Khan's lead was fairly consistent throughout the mayoral campaign, despite his party being embroiled in an unseemly anti-Semitic row over the last week.
The 45-year-old was himself accused of racism as a video emerged of him referring to moderate Muslims as "Uncle Toms".
"I do regret using the phrase and I am sorry," he said in a BBC radio interview today but went on to accuse his rival, the son of late billionaire Sir James Goldsmith and brother of Jemima Khan, of using "divisive and increasingly desperate" tactics.
"We need a mayor that will unite us, not divide us. I've had seven months of negative, divisive and increasingly desperate stuff from him," he said.
He also addressed Hindu and Sikh voters directly to say that he had no plans to "tax or nick their gold", in reference to some Goldsmith campaign leaflets which had implied that Khan would go after London's minority communities who tend to have gold reserves in temples and at home.
An Opinium poll for 'Evening Standard' a few days back put Khan on 35 per cent of first preference votes and Goldsmith at 26 per cent. The lead was even stronger on second preference votes, with Khan leading by 57 per cent to 43 per cent.
None of the other candidates, including Kashmiri-origin Ankit Love, got more than four per cent.
Khan is a former human rights lawyer and an MP from Tooting, east London, since 2005. He was a prominent figure in former Labour Prime Minister Gordon Brown's Cabinet and had resigned from the shadow Cabinet last year to launch his campaign to replace Boris Johnson whose second and final term as London mayor comes to an end this week.

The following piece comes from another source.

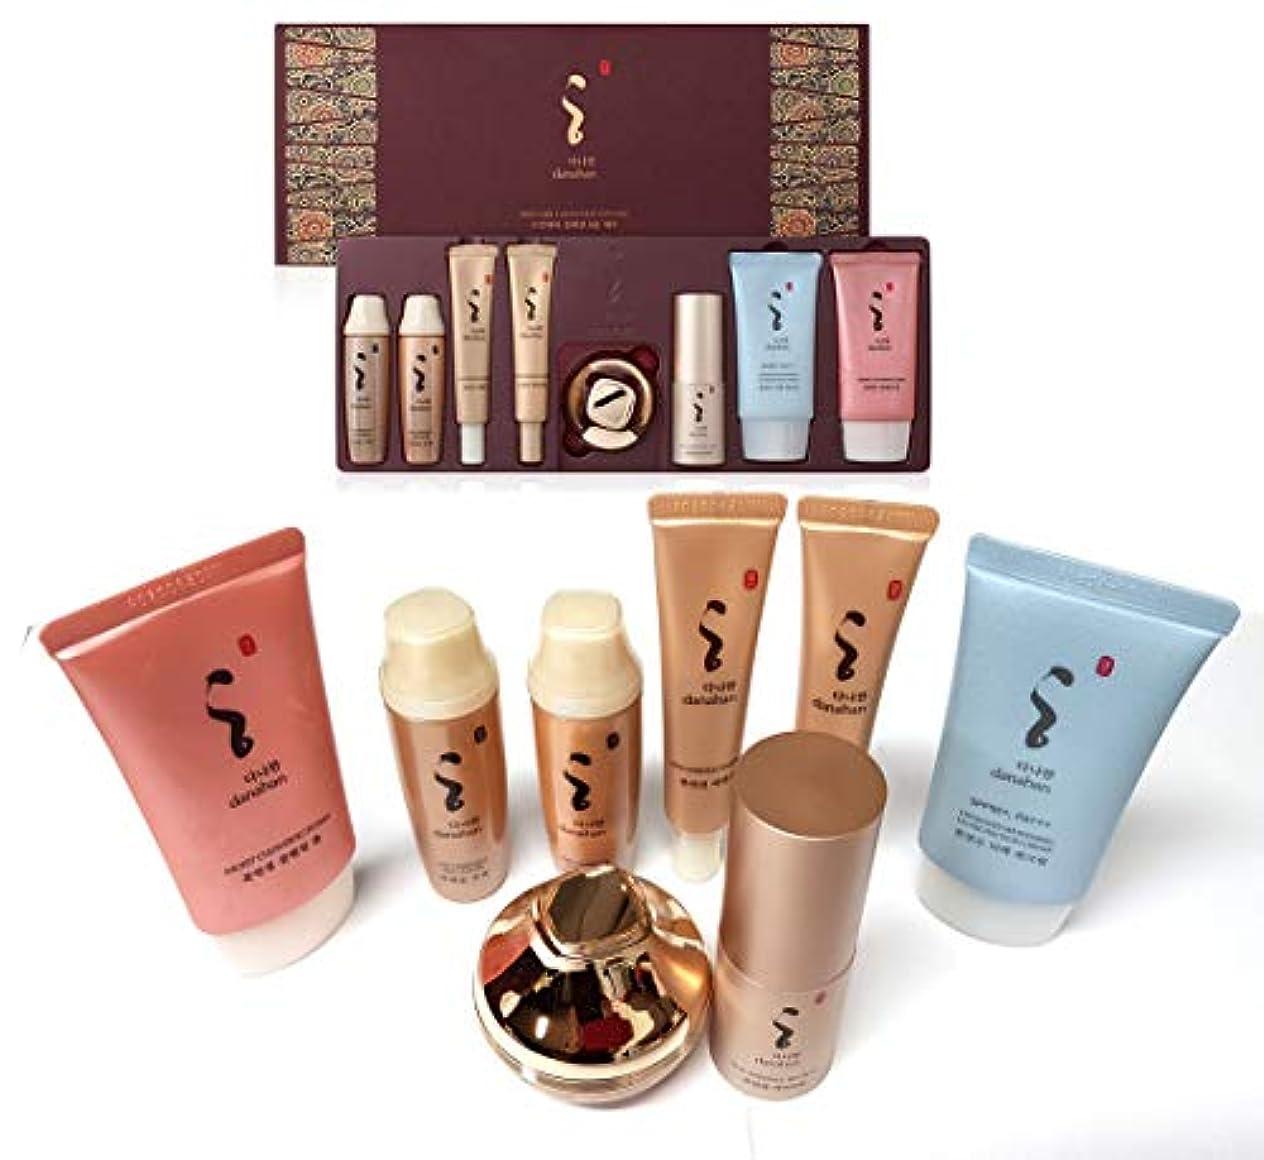 よりウサギスライム[DANAHAN] スキンケアコレクションギフト8本セット/ Skin Care Collection gift 8pcs set/モイスチャー、ハーバルフルイド/Moisture, herbal fluidn/韓国化粧品...
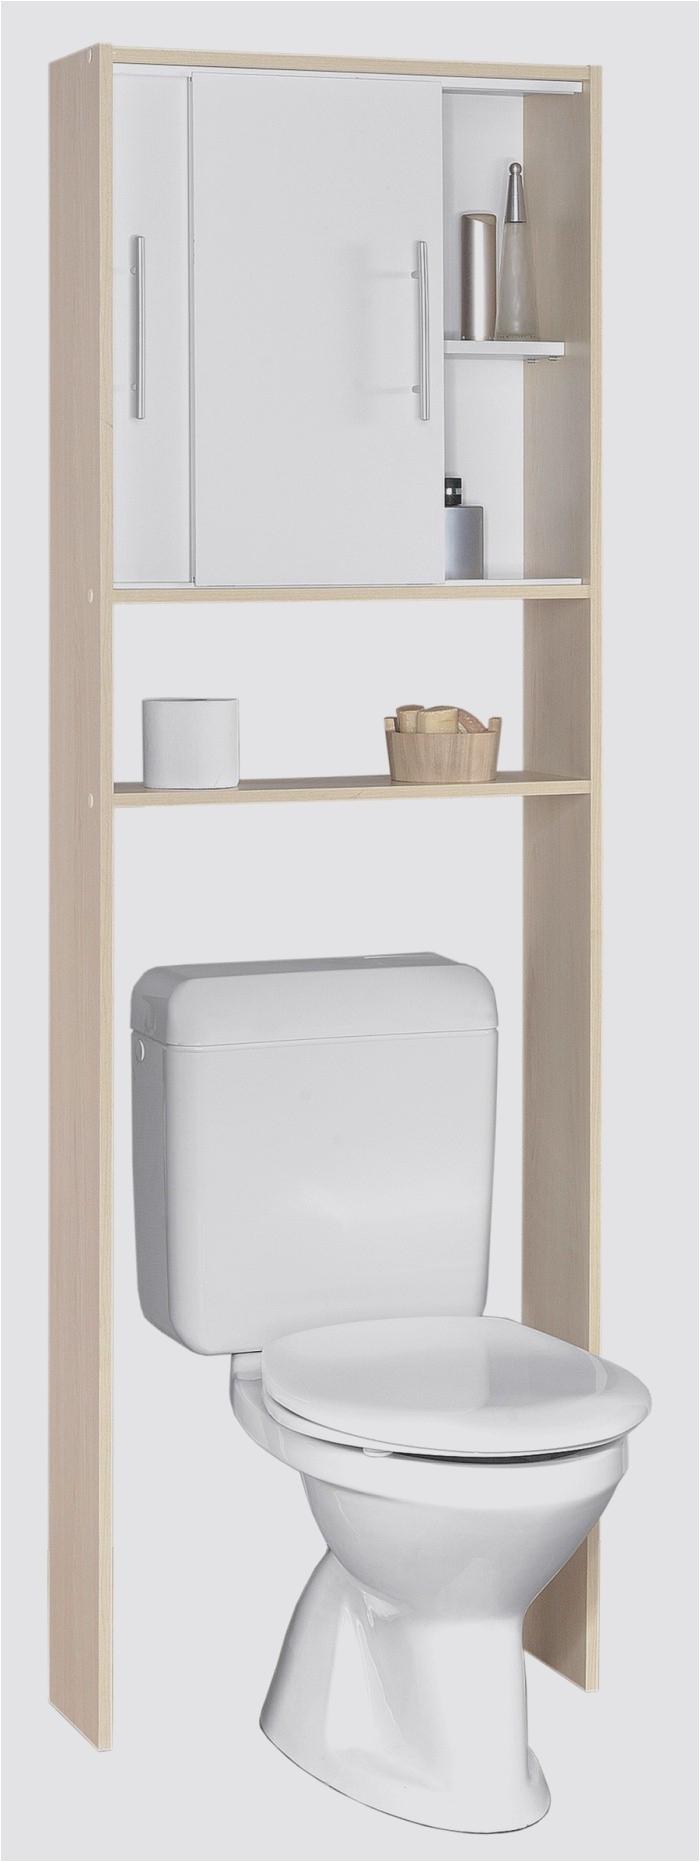 Armoire De toilette Miroir Castorama Impressionnant Galerie Admiré Armoire De toilette Castorama

He has relied on his working class roots and upbringing on a London council housing estate as strong credentials against Goldsmith's more privileged background.
Khan has also tried to distance himself from the unpopular Labour party leader, Jeremy Corbyn, who he had in fact nominated to widen the field of candidates.
Goldsmith has sought to capitalise on Corbyn's unpopularity and warned of the dangers of the Khan-Corbyn project and not letting the "Lefties" gain control of London's City Hall. The Oxford-educated billionaire also tried to cash in on Narendra Modi's popularity among Indian-origin Londoners and issued leaflets with an image of him shaking hands with the Indian Prime Minister during the latter's visit to the UK.
The message read, "Standing up for the British Indian community." But while it seems his tactics seem to have had little effect on voters, poll pundits warn that the race is far from over as a low turnout could change things around at the last minute.